AWK
This article is about the programming language. For other meanings, see AWK.
awk is a programming language for processing and evaluating arbitrary text data, including CSV files. The associated interpreter is more like a compiler, because the program text is first compiled completely and then executed. awk was primarily designed as a report generator and was one of the first tools to appear in version 3 of Unix. You can think of awk as a further development or addition to the stream editor sed; they share certain syntactic elements such as regular expressions. Unlike sed, however, awk provides C-like structures (if .. then .. else, various loops, C formats ...) that allow a much easier program construction. In the minimal application, awk is used in shell scripts to compose filenames as filters, for example. With more detailed programs it is possible to edit, transform or evaluate text files. In addition to the usual string functions, basic mathematical functions are also available. The name "awk" is composed of the first letters of the last names of its three authors Alfred V. Aho, Peter J. Weinberger and Brian W. Kernighan.
A version of awk can be found in almost every unix-like system today and is often pre-installed. However, a comparable program is also available for almost all other operating systems.

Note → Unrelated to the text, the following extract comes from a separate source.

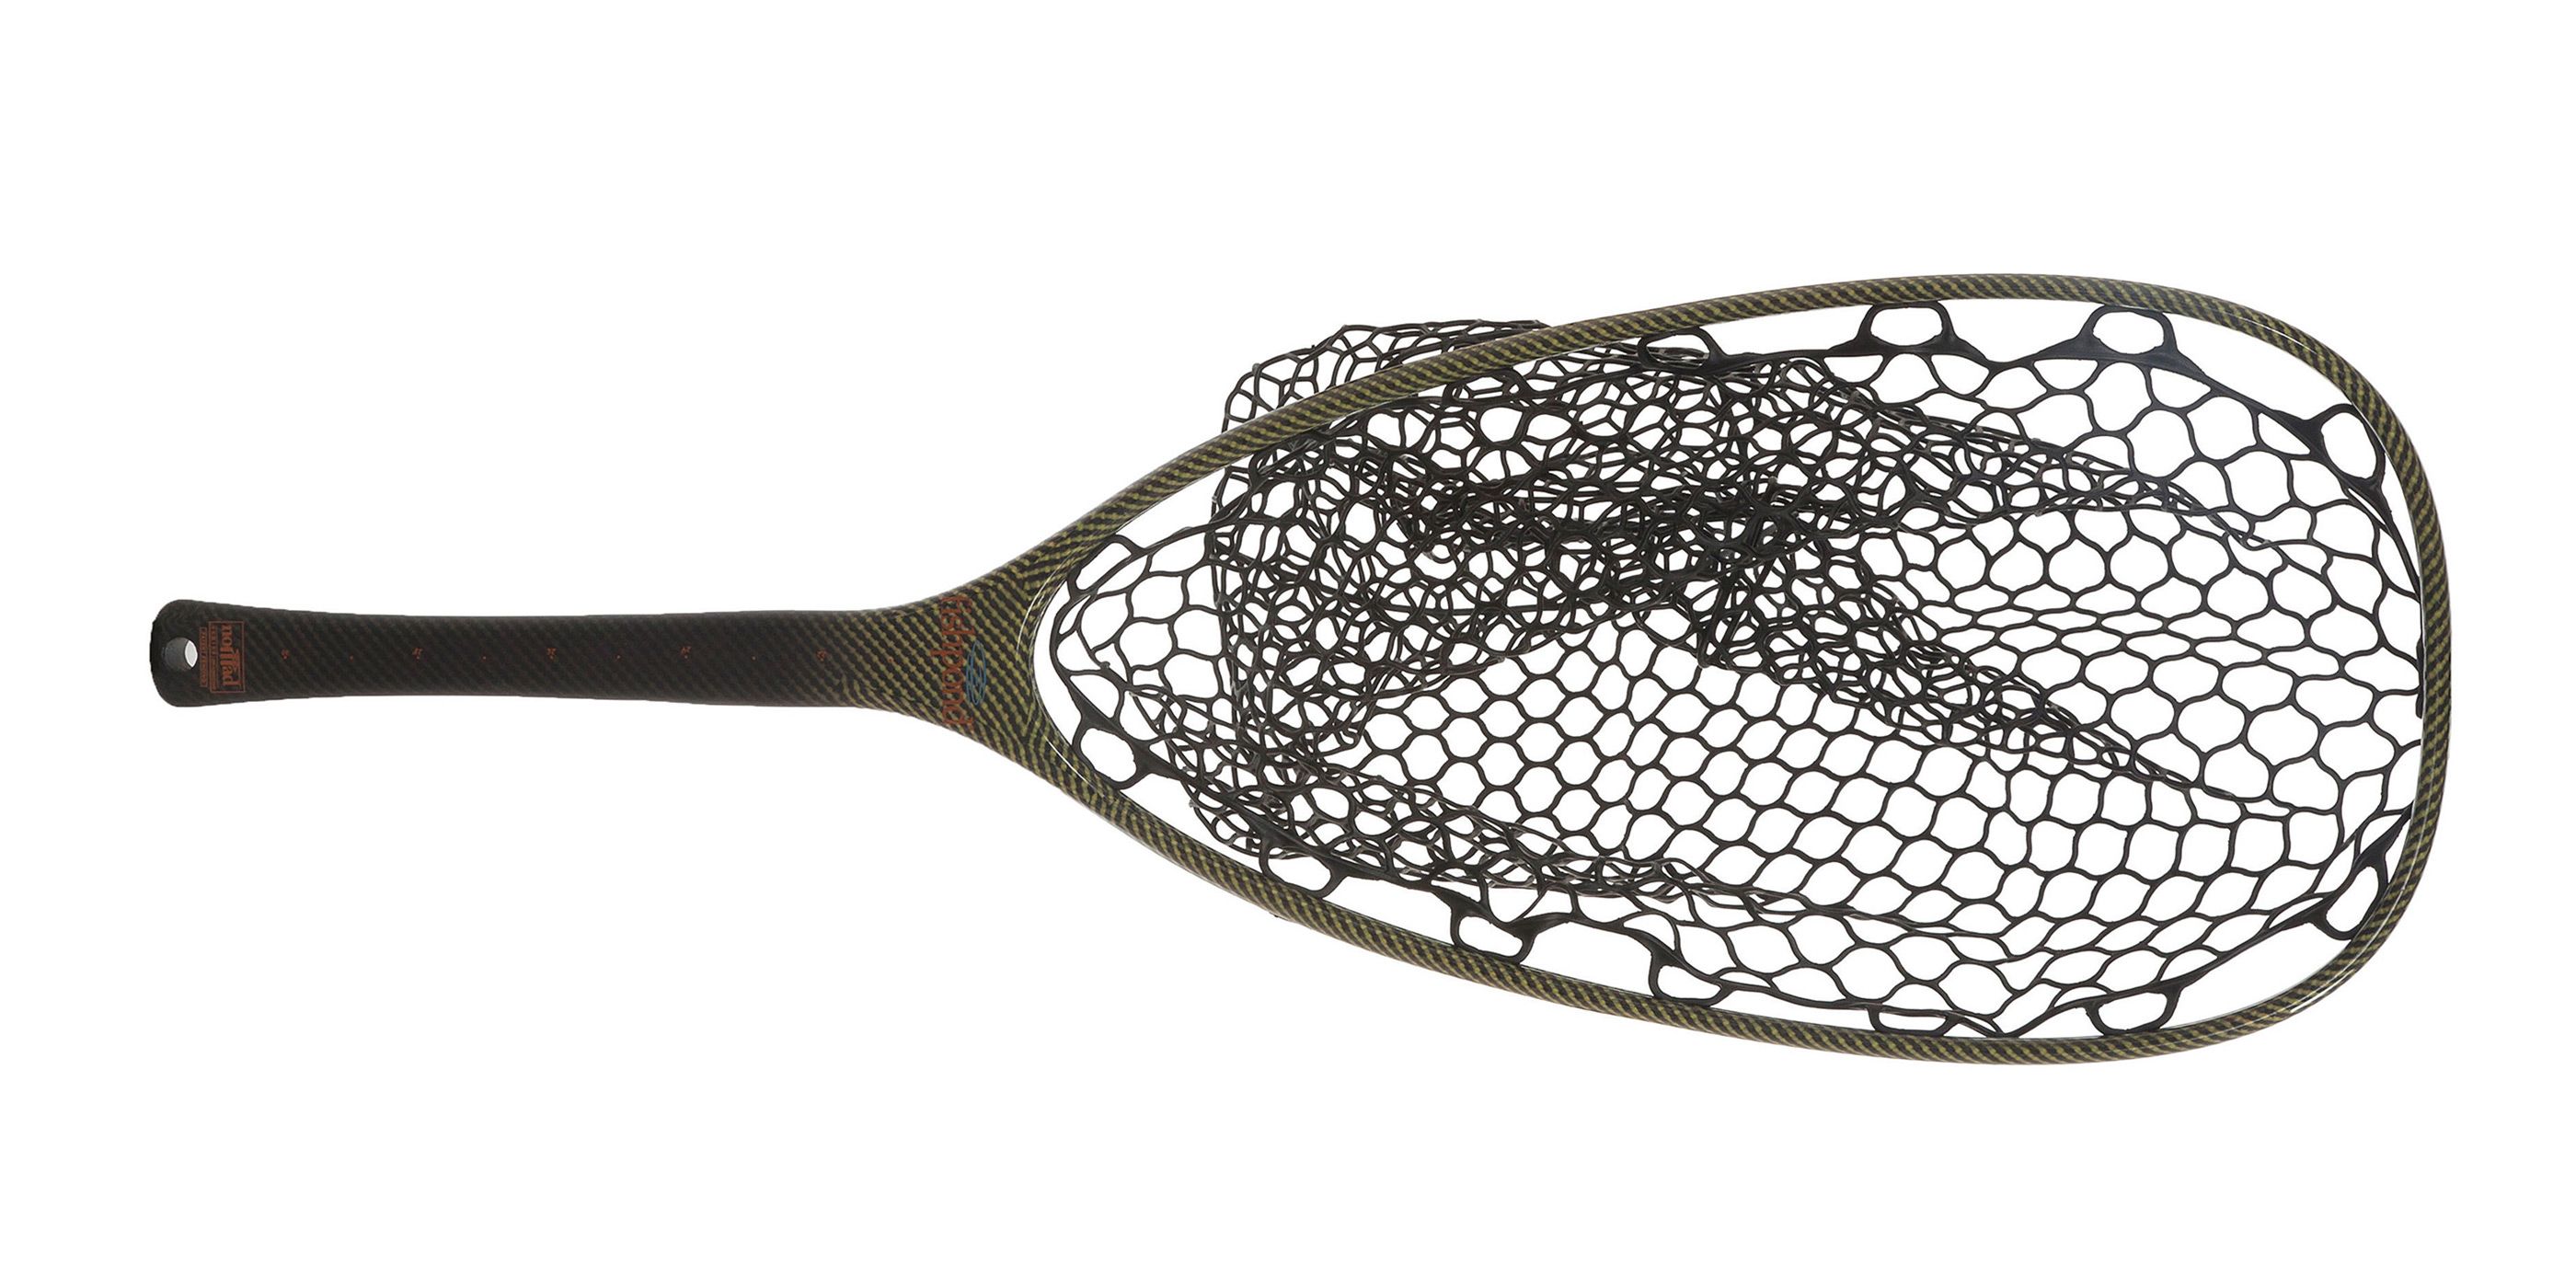 Fishpond Nomad™ Emerger - River Armor Net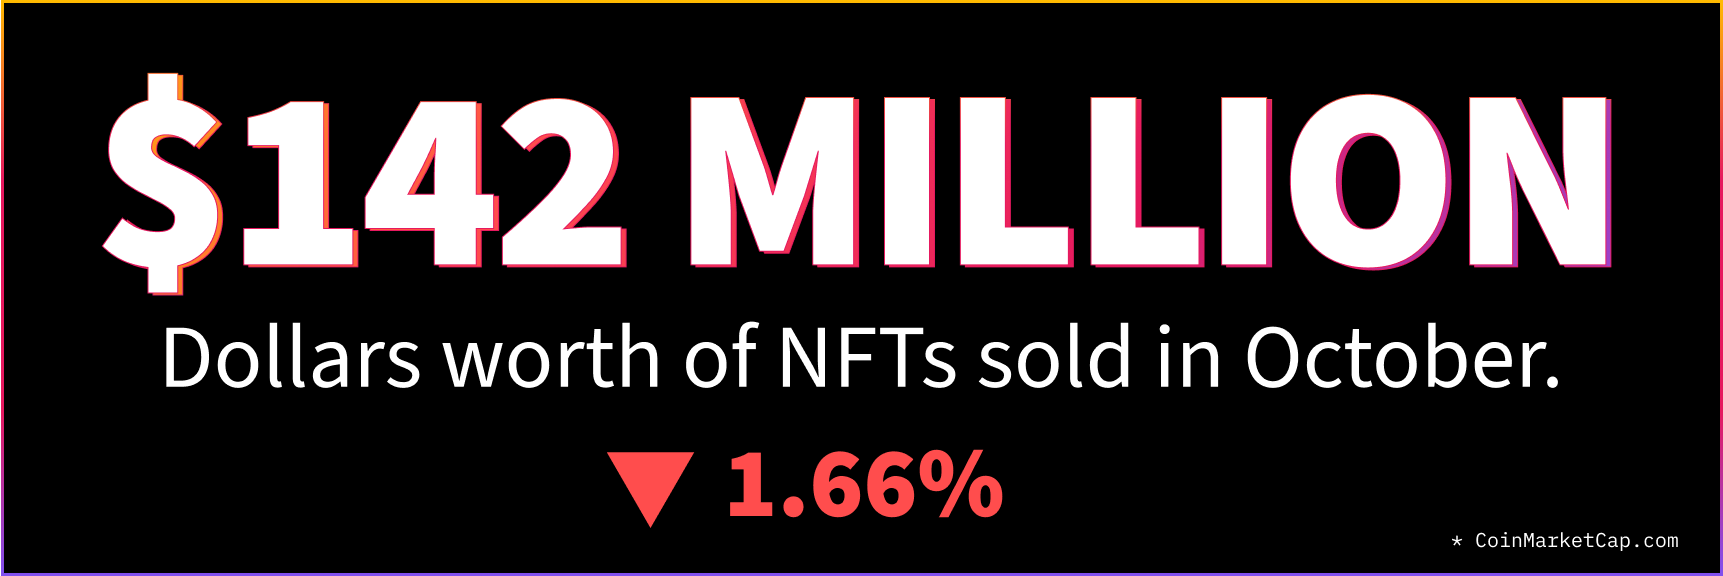 October NFT Stats & News

The language works almost exclusively with the data type string. In addition, associative arrays (i.e. arrays indexed with strings, also called hashes) and regular expressions are fundamental components of the language.
The power, compactness, but also the limitations of the awk and sed scripts inspired Larry Wall to develop the Perl language.
Structure of a program
The typical execution of an awk program consists of performing operations - such as substitutions - on an input text. To do this, the text is read in line by line and split into fields using a chosen separator - usually a series of spaces and/or tab characters. Afterwards, the awk statements are applied to the respective line.
awk statements have the following structure:
For the line read in, it is determined whether it satisfies the condition (often a regular expression). If the condition is met, the code is executed within the statement block enclosed by curly braces. Deviating from this, a statement can also consist of only one action
or only from a condition
exist. If the condition is missing, the action is executed for each line. If the action is missing, the writing of the entire line is executed as the default action, provided that the condition is fulfilled.
Variables and functions
The user can define variables within statement blocks by referencing, an explicit declaration is not necessary. The scope of the variables is global. An exception here are function arguments, whose validity is restricted to the function defining them.
Functions can be defined at any position, the declaration does not have to be made before the first use. If scalars are involved, function arguments are passed as value parameters, otherwise as reference parameters. The arguments when calling a function do not have to match the function definition, excess arguments are treated as local variables, omitted arguments are given the special value uninitialized - numerically zero and as a string the value of the empty string.
Functions and variables of all kinds use the same namespace, so identical naming leads to undefined behavior.
In addition to user-defined variables and functions, standard variables and standard functions are also available, for example the variables $0 for the
entire line, $1
, $2
... for the i-th field of the line and FS (
from field separator) for the field separator, as well as the functions gsub(), split() and match().